TPVB can be used with excellent effect for analgesia but it is also suitable as a sole anesthetic technique. Studies have shown that paravertebral block has been associated with an improved postoperative pain scores with reduced requirements for opioid analgesics, decreased incidence of nausea and vomiting, quicker discharge times, and greater patient satisfaction when compared to general anesthesia [2, 7]. Bilateral TPVB may cause blockade of intercostal muscles. This leads to concern about respiratory depression in myasthenic patients. However, when compared to thoracic epidural analgesia, TPVB provides comparable analgesia with epidural blockade and is associated with a significantly better postoperative pulmonary function, earlier mobilization, less urinary retention, and hypotension [8, 9].

Paravertebral block is generally associated with low and acceptable side effects and complications.

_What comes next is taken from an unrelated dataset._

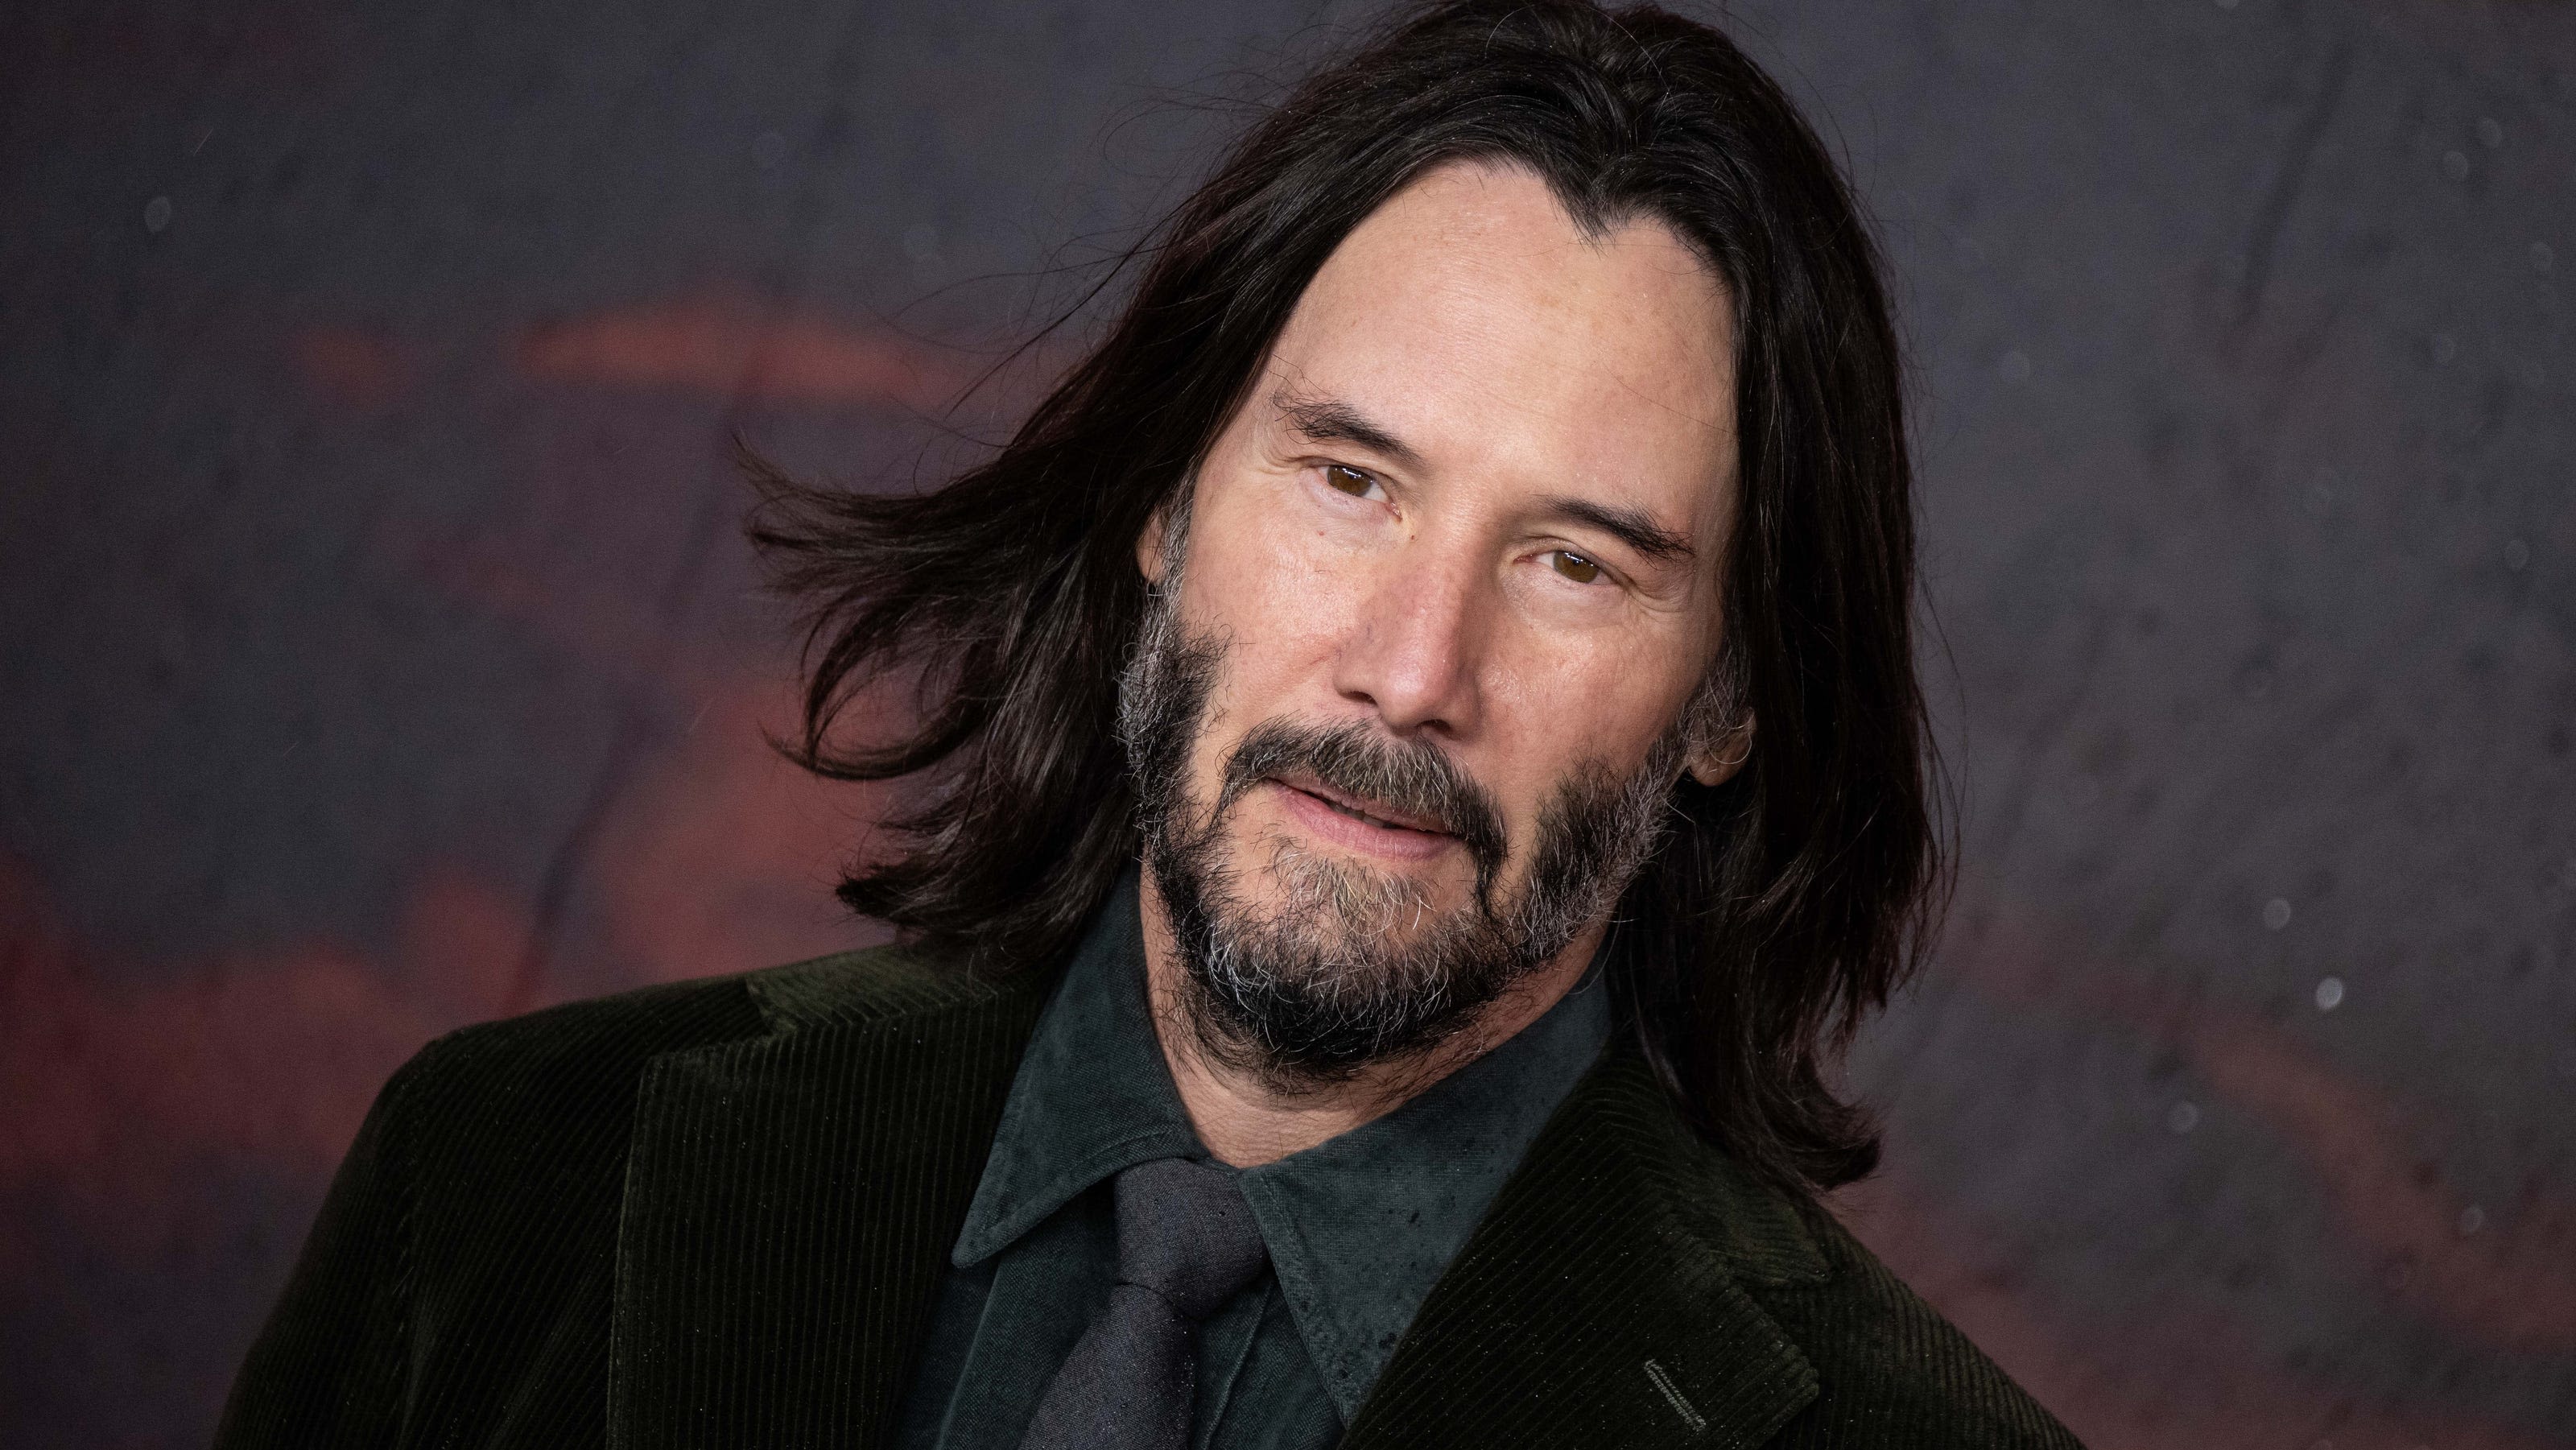 Keanu Reeves explains why it's good that he's 'thinking about death all the time'

Hypotension, theoretic high blood concentrations of local anesthetic, and epidural or spinal spread of local anesthetic and pneumothorax are the possible controversial issues related to the bilateral PVB [10]. Ultrasound has been used to improve efficacy and reduce complications via real-time visualization of the intended anatomic space, surrounding structures, and the approaching needle. Though bilateral PVB caused an eightfold increase in the rate of the pneumothorax [11], the study using in-plane ultrasound technique did not indicate any pleural puncture from paravertebral block [12]. We performed TPVB under ultrasound guidance and measured the distance from the skin to paravertebral space to potentially minimize the risk of pneumothorax. We used multiple injections slowly with low doses of local anesthetic at each level to prevent the spread of anesthetic from paravertebral to epidural space. Beside these we also used low dose amide local anesthetic levobupivacaine because its metabolism is independent of pseudocholinesterase function with long-term continuing analgesia into the postoperative period. Our patient’s postoperative respiratory function has limited deterioration possibly due to used opioid sparing anesthetic technique.

We demonstrate that administering bilateral TPVB is a safe and useful procedure for performing cosmetic breast augmentation for patients when general anesthesia is not desirable. The procedure is advantageous in that the use of muscle relaxants, volatile anesthetic agents can be avoided. The risk of perioperative respiratory depression caused by high dose opioid usage can be minimized. Performing the block with ultrasound guidance by an anesthesiologist who is experienced in this technique, the chance of pneumothorax will be extremely low.

The patient’s consent was obtained for the publication of this case report.

Conflict of Interests

The authors declare that there is no conflict of interests regarding the publication of this paper.